Rachel si voltò, il vento che le scompigliava i capelli. «Non sto correndo» borbottò. Tentò di liberarsi ma lui rimase immobile, la presa inesorabile.
Sapeva bene chi era quell'uomo e un brivido le percorse la spina dorsale mentre ricacciava una ciocca di capelli dietro l'orecchio.
Giovanni Trevisan non era soltanto alto. Aveva due spalle impressionanti, folti capelli scuri, occhi chiari e alti zigomi sopra una bocca ferma e severa. Aveva visto le sue foto su Internet. Non ce n'erano molte, ma in ognuna di queste appariva distinto, crudele.

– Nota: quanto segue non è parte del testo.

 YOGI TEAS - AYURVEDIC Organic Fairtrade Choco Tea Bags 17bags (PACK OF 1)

Di persona sembrava ancora più spietato.
Fece un passo indietro, bisognosa di un minimo di spazio.
«Hai detto che non stavi correndo» ringhiò.

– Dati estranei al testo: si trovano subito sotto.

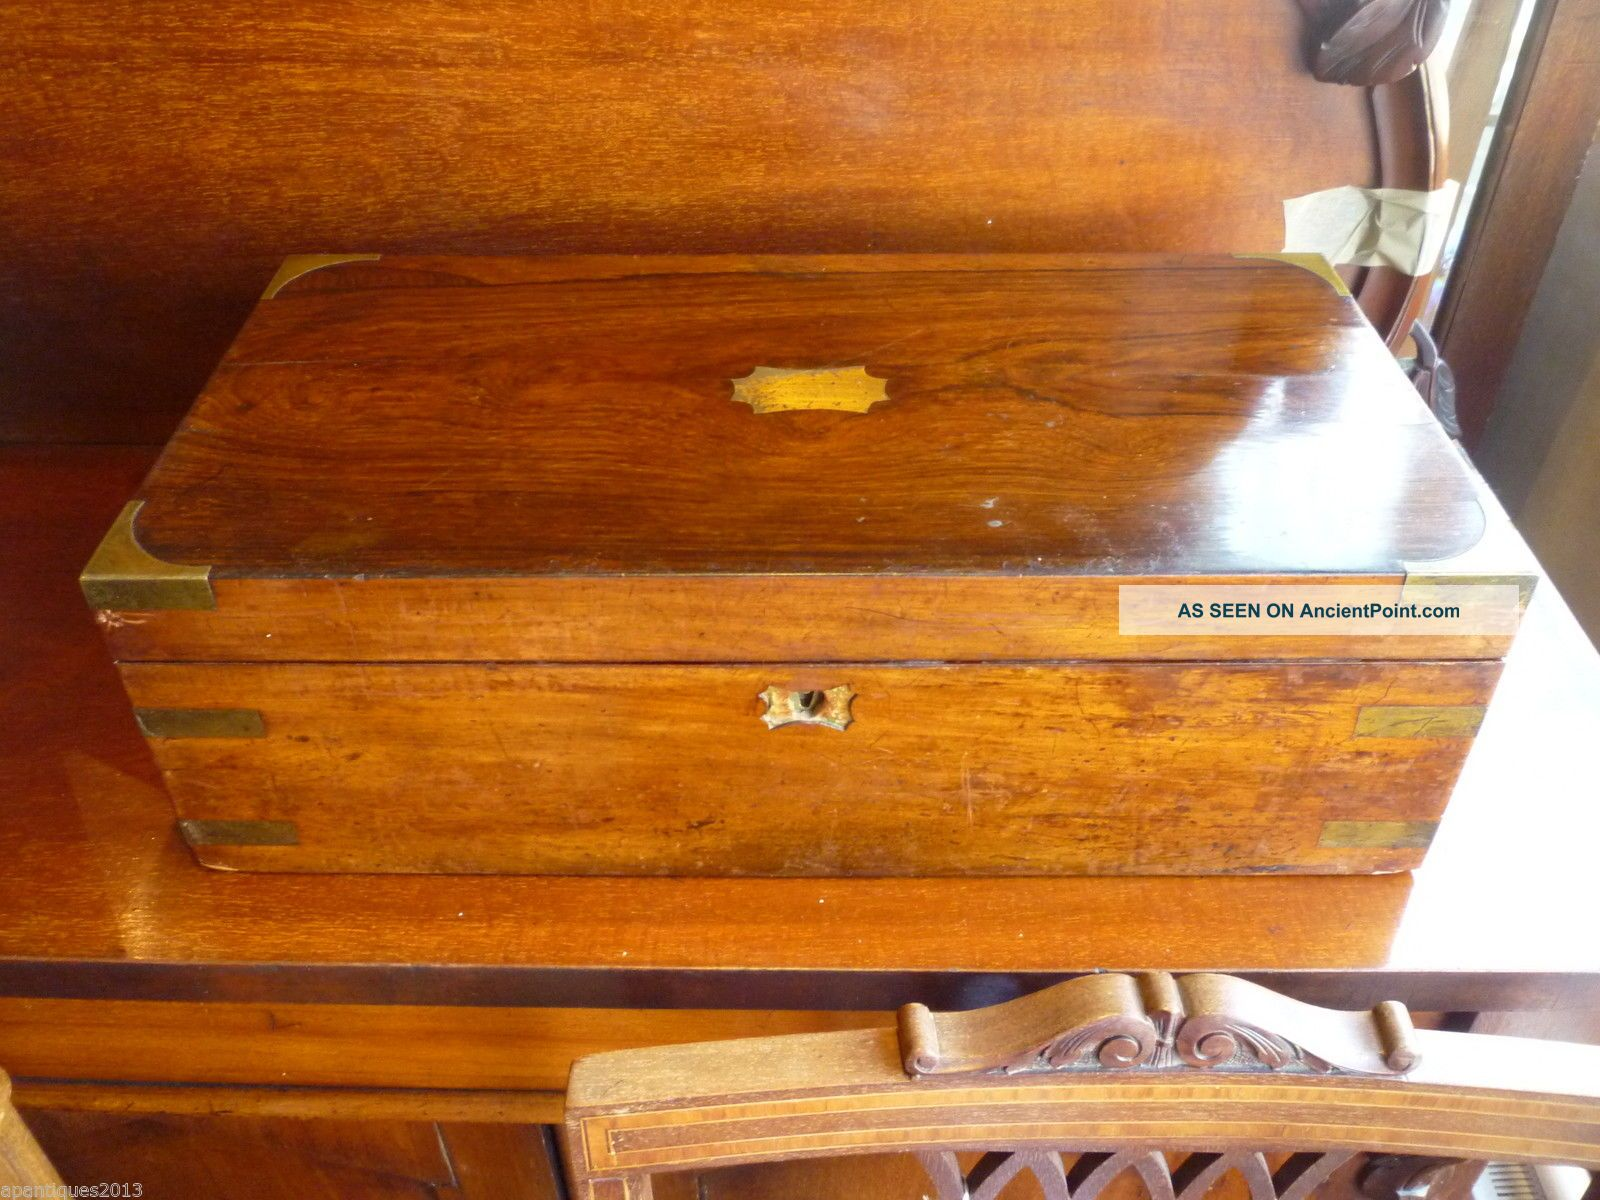 Large Antique Rosewood Brass Bound Writing Slope For Restoration Poss Secret Dra 1800-1899 photo

«Non stavo andando da nessuna parte, e non c'è bisogno che tu mi trattenga con tanta forza.»
«Non ti senti bene? Hai per caso una crisi di nervi?» le domandò.
«Perché mi chiedi una cosa del genere?»
«Perché hai appena abbandonato un bambino sulla soglia di casa mia.»
«Non è stato abbandonato. Tu sei suo zio.»
«Ti suggerisco caldamente di venire a riprendertelo prima dell'arrivo della polizia.»
«Lascia pure che arrivi. Almeno tutto il mondo saprà la verità.»
Giovanni corrugò la fronte.
«Sì, decisamente tu non stai bene.»
«Sto bene, invece. Anzi, non potrei stare meglio. Non hai idea di quanto sia stato difficile trovarti. Mesi di ricerche, per non parlare dei soldi che ho speso e che non potevo permettermi per un investigatore privato. Ma almeno adesso siamo qui, faccia a faccia, pronti a discutere delle tue nuove responsabilità.»
«L'unica cosa che ho da dire è di riprenderti il bambino.»
«Tuo nipote.»
«E torna a casa prima che questa situazione diventi spiacevole per tutti noi.»
«È già spiacevole per me. Ho bisogno del tuo aiuto, e subito.»
«Tu e il bambino non siete un mio problema.»
«Michael è un Trevisan. È figlio del tuo defunto fratello e dev'essere protetto e sostenuto dalla sua famiglia.»
«Questo non accadrà.»
«Io penso invece il contrario.»
«Stai deliberatamente cercando di provocarmi?»
«E perché non dovrei? Tu non hai fatto altro che irritarmi e provocarmi per mesi. Hai avuto moltissime opportunità per rispondere alle mail che ti ho mandato, per cui adesso ti sto solo restituendo ciò che è tuo.» Il che non era del tutto vero. Non avrebbe lasciato Michael per nessuna ragione al mondo, ma non glielo avrebbe mai confessato.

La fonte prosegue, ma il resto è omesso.